• [Work task]:
Output every record exactly and leave each picture out.

• [Data for this task]:
**********

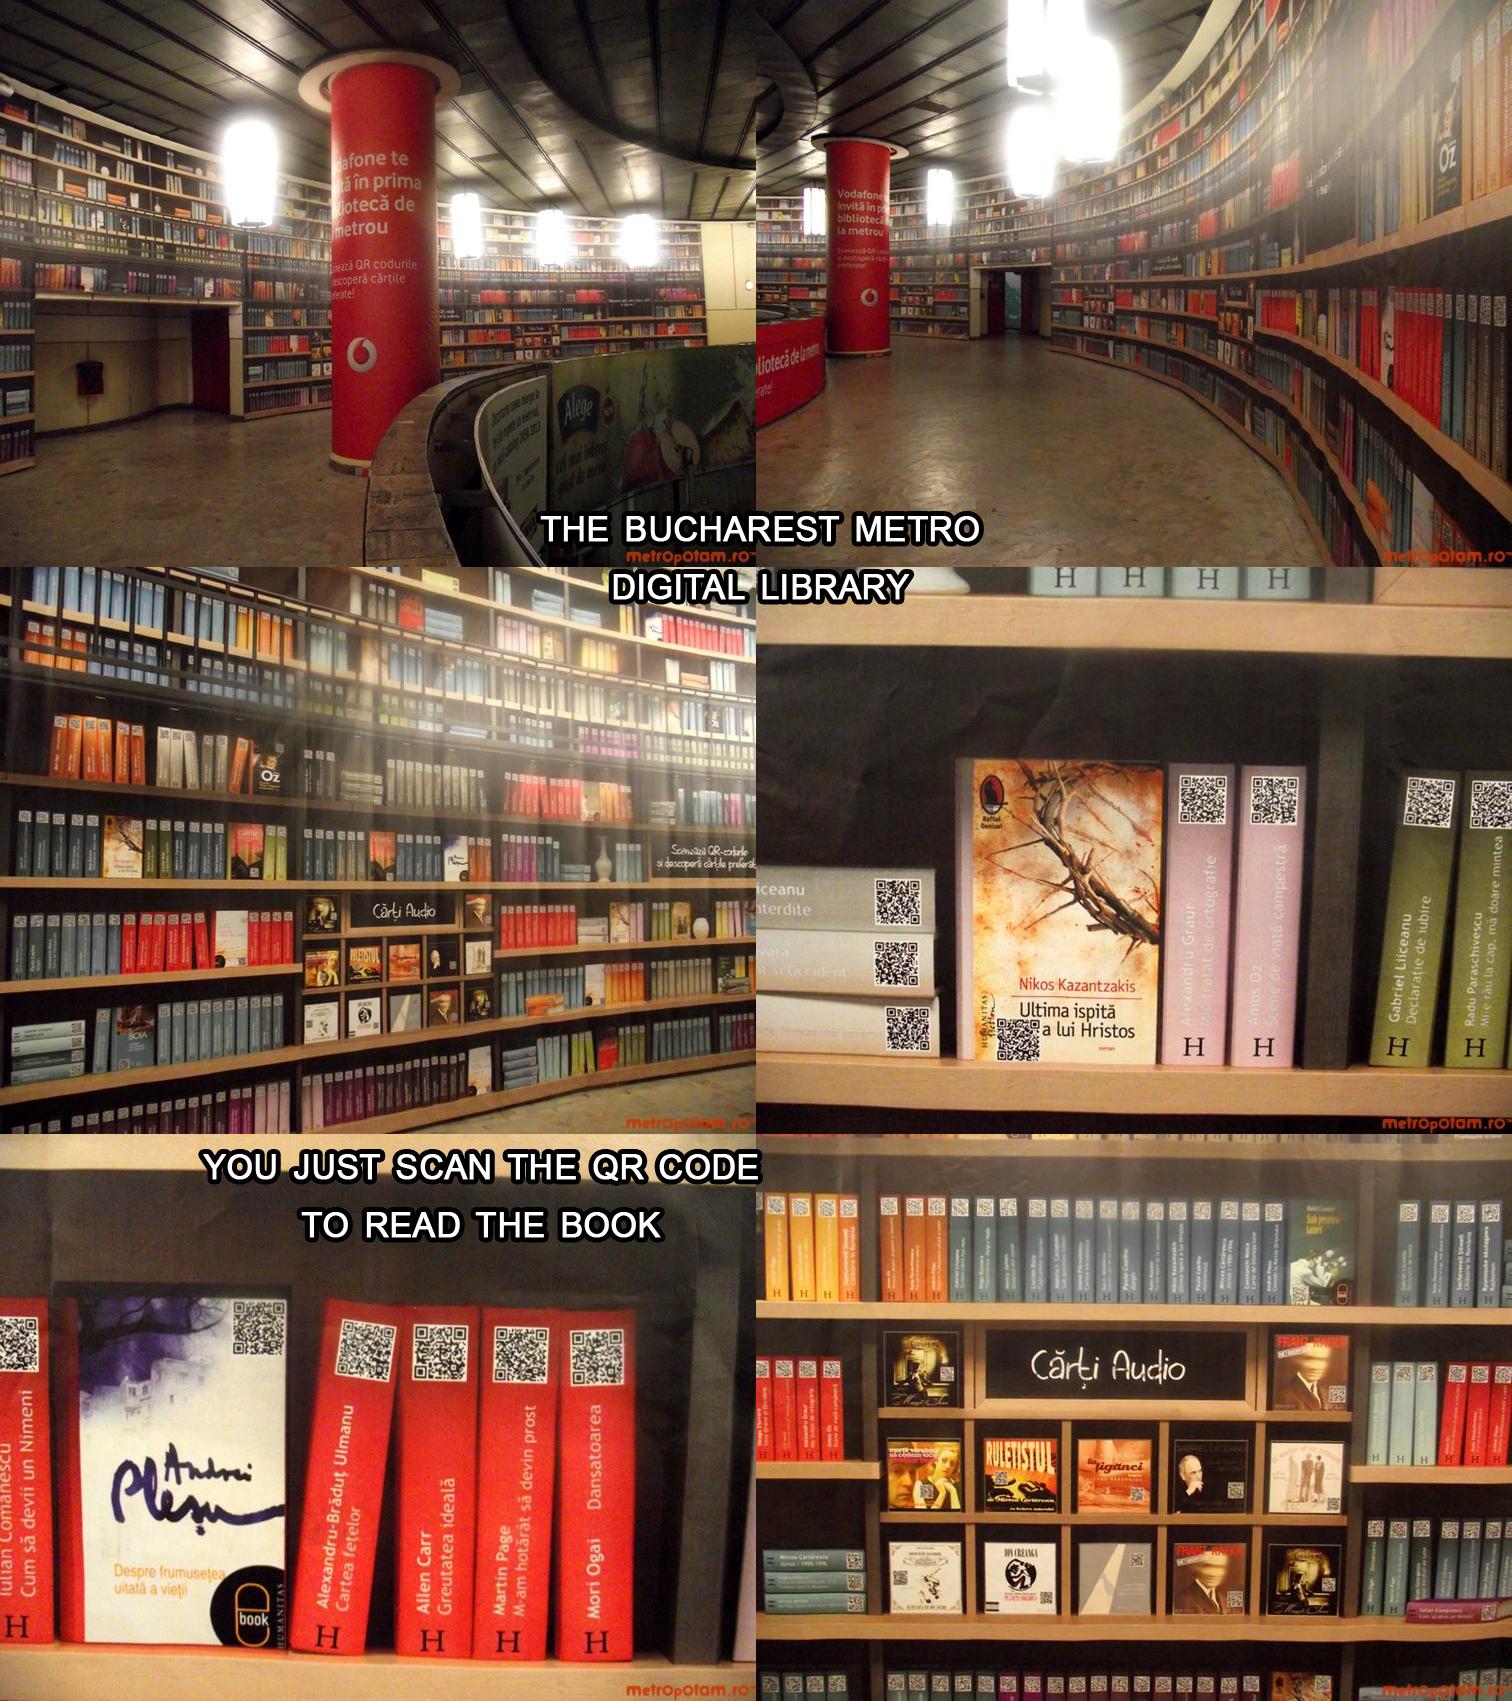 Digital library in Bucharest Metro station
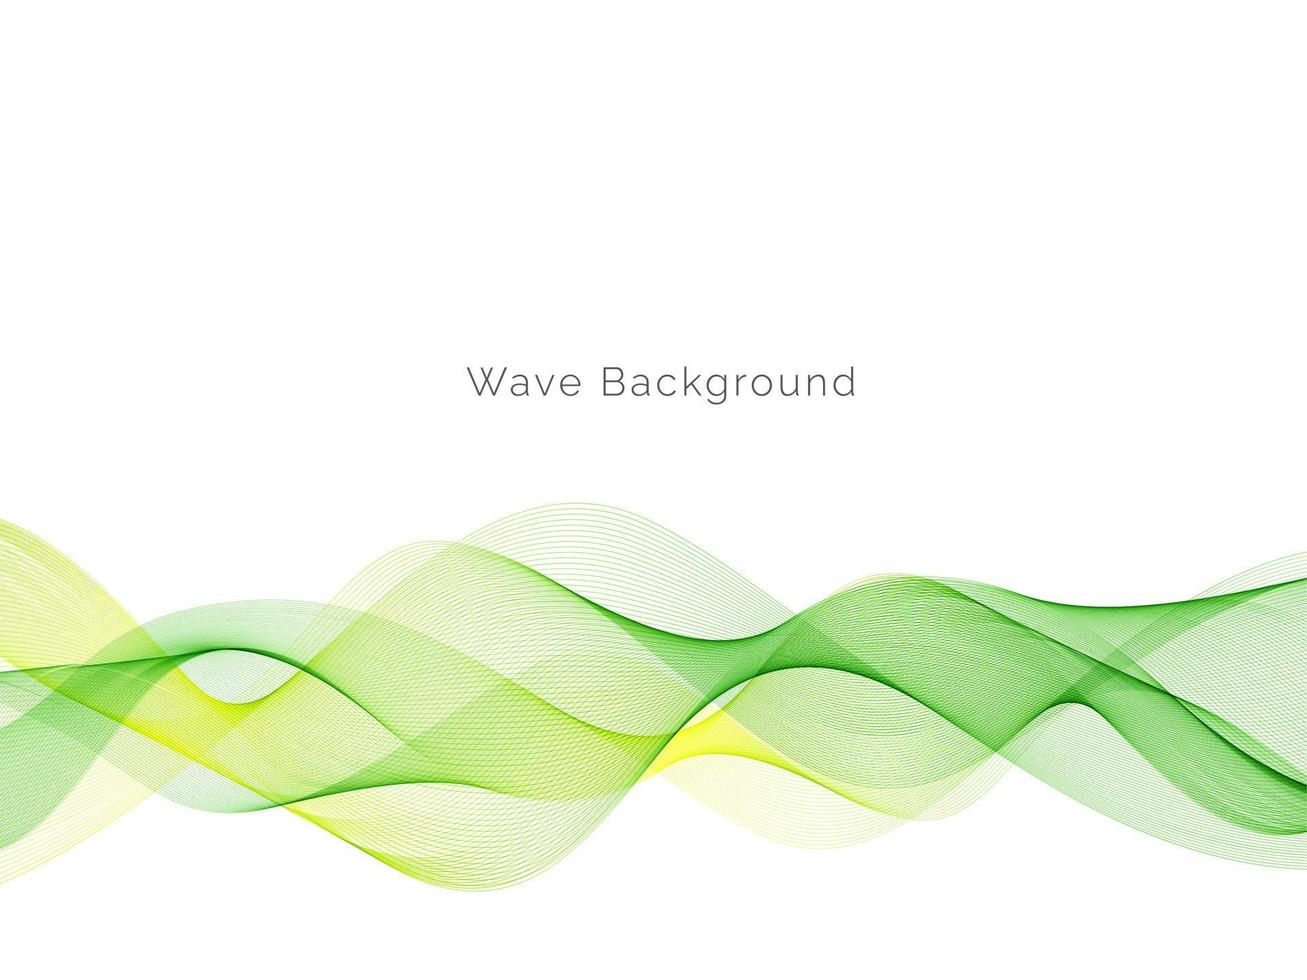 abstrakt grön dekorativ snygg modern vågdesign banner bakgrund vektor
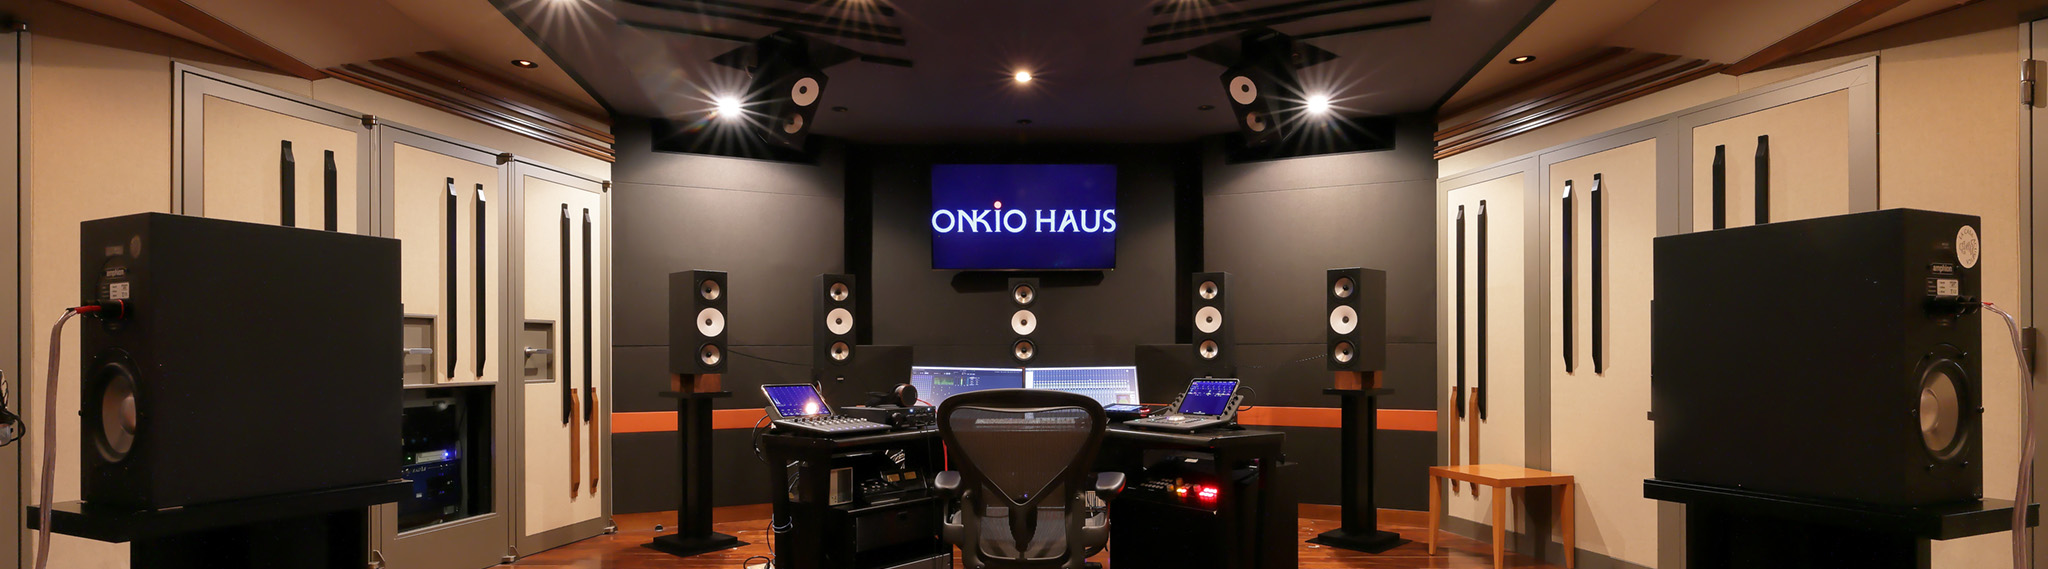 Onkio Haus Studio NO.7 Spatial Audio | Audio Mastering
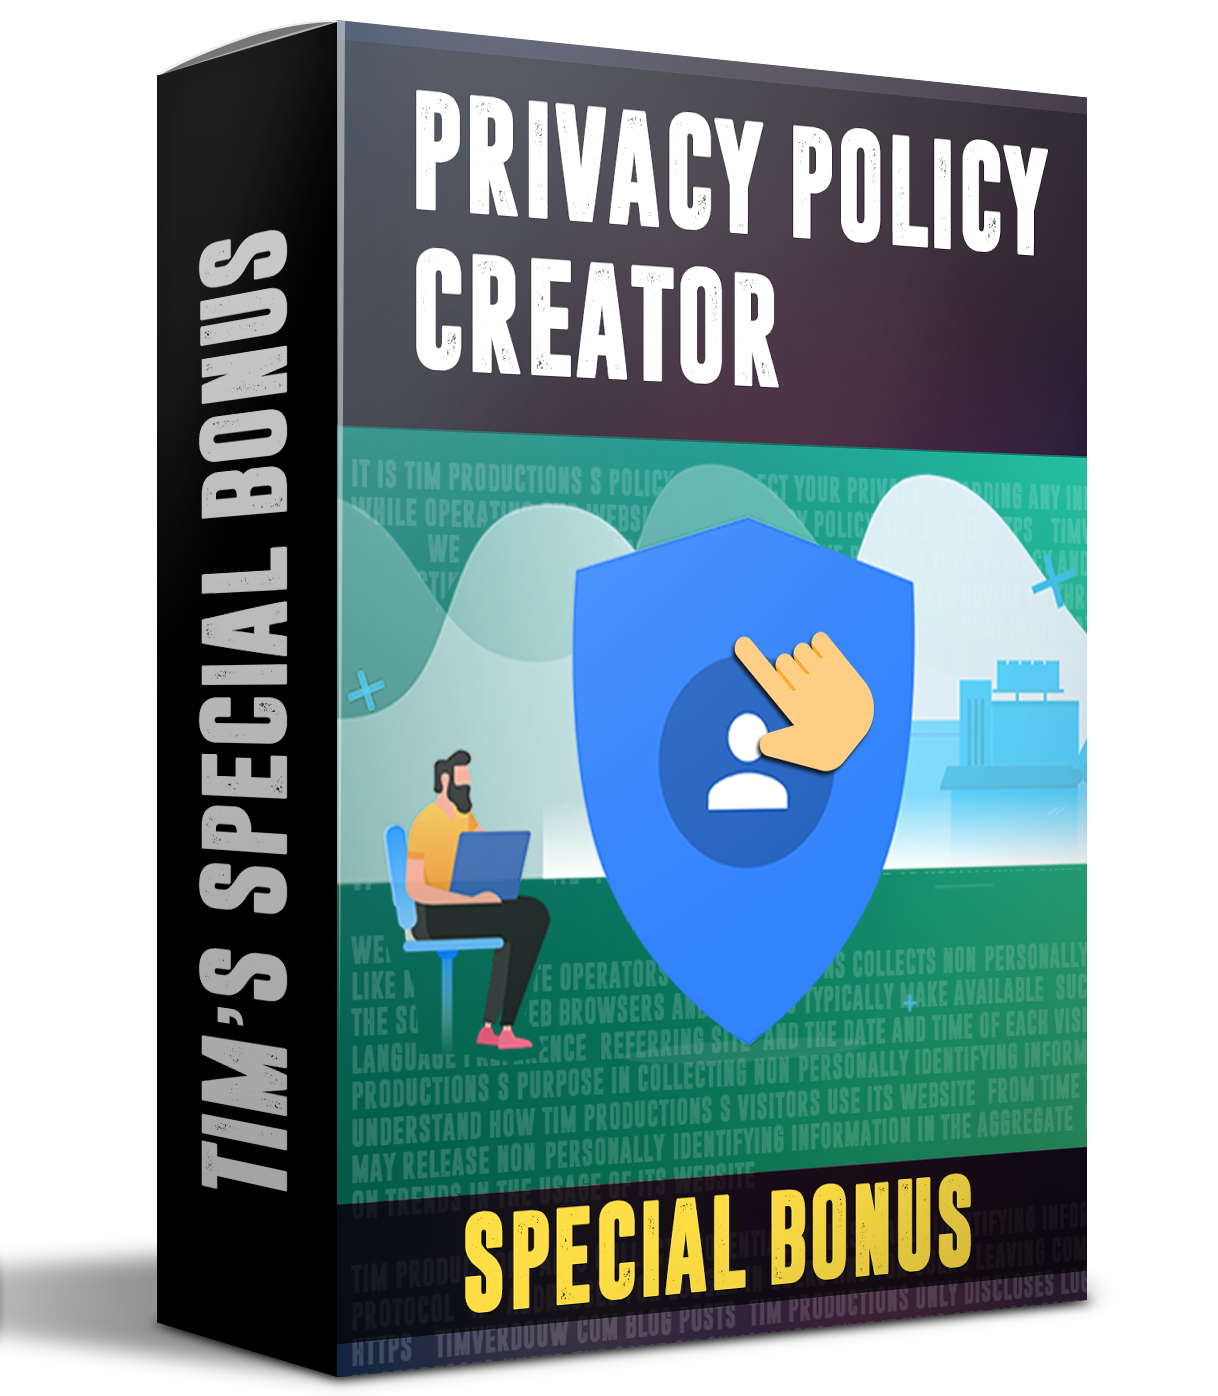 Privacy policy creator
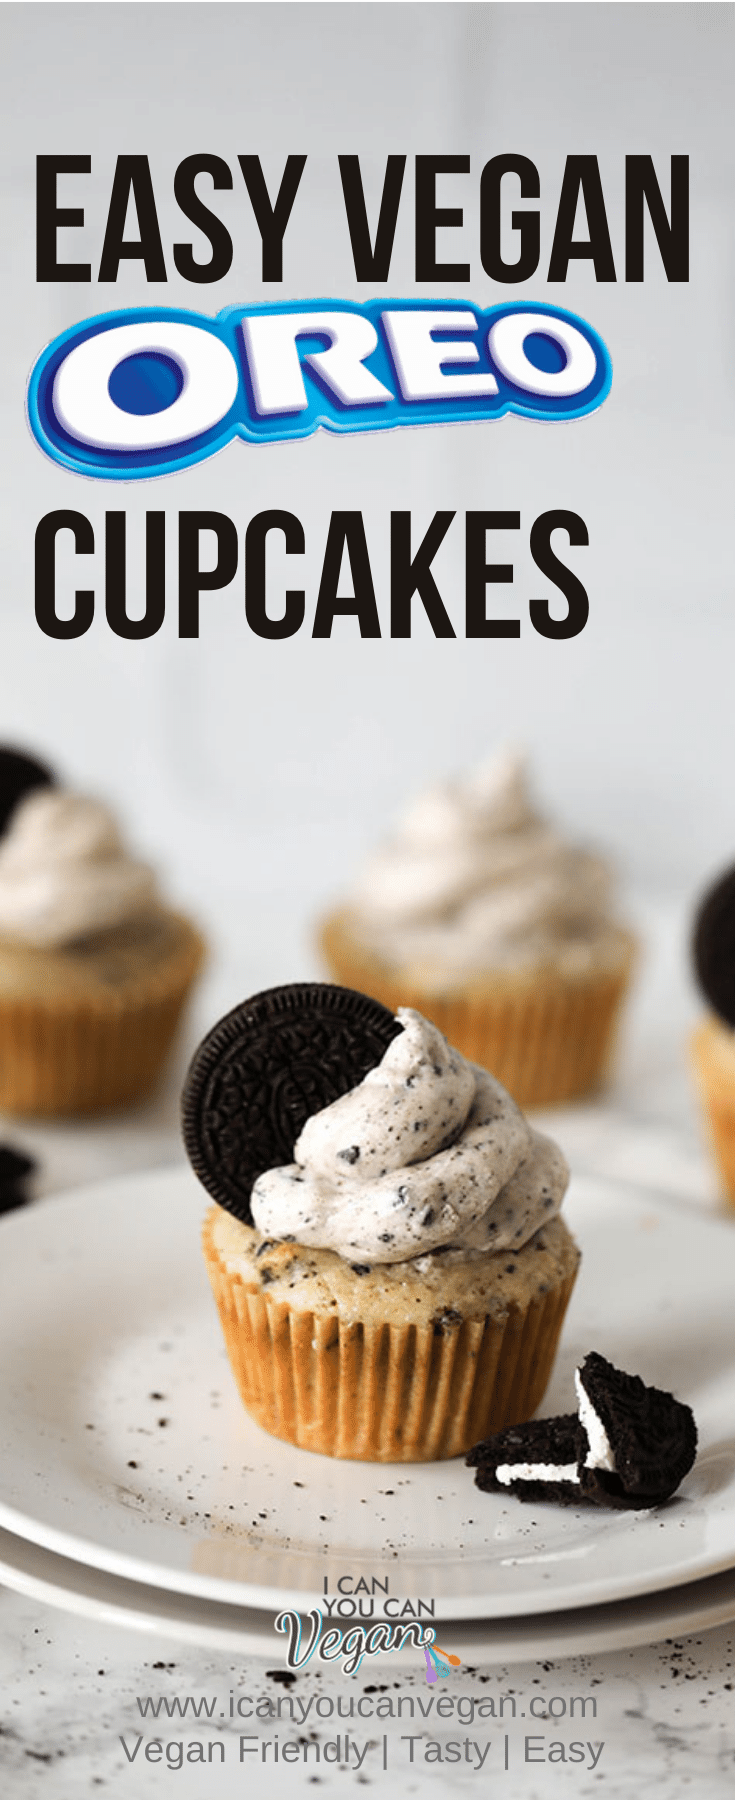 Easy Vegan Oreo Cupcakes- Pinterest

**********

• [Result of this task]:
 Digital library in Bucharest Metro station
 abstrakt grön dekorativ snygg modern vågdesign banner bakgrund vektor
 Onkio Haus Studio NO.7 Spatial Audio | Audio Mastering
 Privacy policy creator
 Easy Vegan Oreo Cupcakes- Pinterest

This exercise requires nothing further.